Also note that since we are dealing with image data, it is more efficient to build a convolutional autoencoder, which would look like this:

还要注意，由于我们正在处理图像数据，因此构建卷积自动编码器的效率更高，如下所示：

To build a model, we simply need to complete the following tasks:

要构建模型，我们只需要完成以下任务：

Create a class extending the keras.Model object
创建一个扩展keras.Model对象的类
Create an __init__ function to declare two separate models built with Sequential API. Within them, we need to declare layers that would reverse each other. One Conv2D layer for the encoder model whereas one Conv2DTranspose layer for the decoder model.
创建一个__init__函数来声明使用Sequential API构建的两个单独的模型。在它们内部，我们需要声明可以相互反转的层。

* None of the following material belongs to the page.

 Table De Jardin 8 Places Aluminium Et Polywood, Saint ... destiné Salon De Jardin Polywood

一层Conv2D层用于编码器模型，一层Conv2DTranspose层用于解码器模型。
Create a call function to tell the model how to process the inputs using the initialized variables with __init__ method:
创建一个调用函数来告诉模型如何使用带有__init__方法的初始化变量来处理输入：
We need to call the initialized encoder model which takes the images as input
我们需要调用初始化的编码器模型，该模型将图像作为输入
We also need to call the initialized decoder model which takes the output of the encoder model (encoded) as input
我们还需要调用初始化的解码器模型，该模型将编码器模型的输出(已编码)作为输入
Return the output of the decoder
返回解码器的输出

We can achieve all of them with the code below:

我们可以使用以下代码实现所有这些目标：

from tensorflow.keras.layers import Conv2DTranspose, Conv2D, Input


class NoiseReducer(tf.keras.Model): 
  def __init__(self):


    super(NoiseReducer, self).__init__() 

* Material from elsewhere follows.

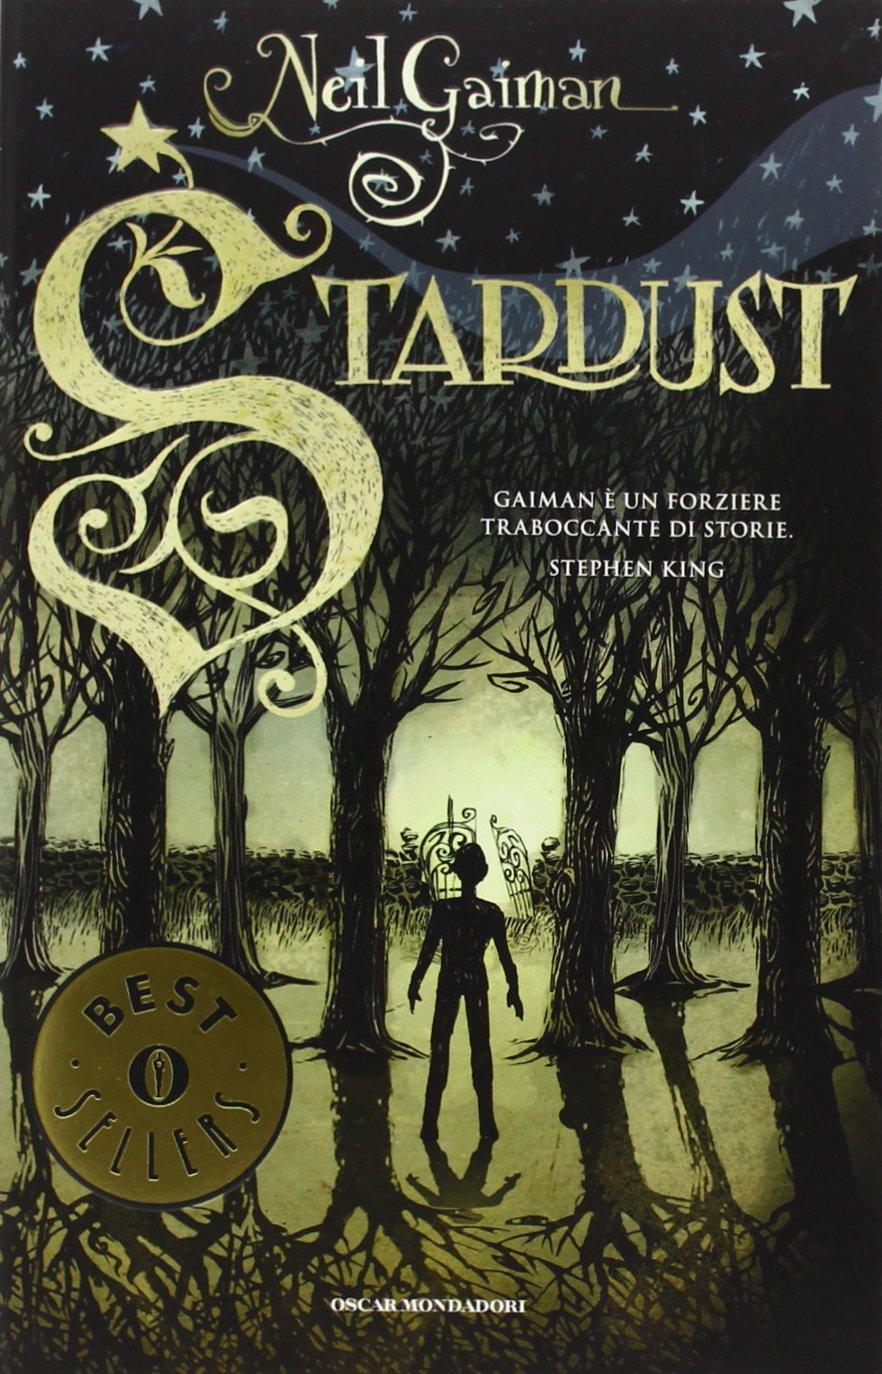 Stardust: Amazon.it: Gaiman, Neil, Bartocci, M.: Libri

    self.encoder = tf.keras.Sequential([ 
      Input(shape=(28, 28, 1)), 
      Conv2D(16, (3,3), activation='relu', padding='same', strides=2), 
      Conv2D(8, (3,3), activation='relu', padding='same', strides=2)]) 
    
    self.decoder = tf.keras.Sequential([ 
      Conv2DTranspose(8, kernel_size=3, strides=2, activation='relu', padding='same'), 
      Conv2DTranspose(16, kernel_size=3, strides=2, activation='relu', padding='same'), 
      Conv2D(1, kernel_size=(3,3), activation='sigmoid', padding='same')]) 
  
  def call(self, x): 
    encoded = self.encoder(x) 
    decoded = self.decoder(encoded) 
    return decoded

And let’s create the model with an object call:

让我们通过对象调用创建模型：

autoencoder = NoiseReducer()

配置我们的模型 (Configuring Our Model)

For this task, we will use an Adam optimizer and Mean Squared Error for our model. We can easily use <strong>compile</strong> function to configure our autoencoder, as shown below:

对于此任务，我们将为模型使用Adam优化器和均方误差。我们可以轻松地使用<strong> compile </ strong>函数来配置我们的自动编码器，如下所示：

autoencoder.compile(optimizer='adam', loss='mse')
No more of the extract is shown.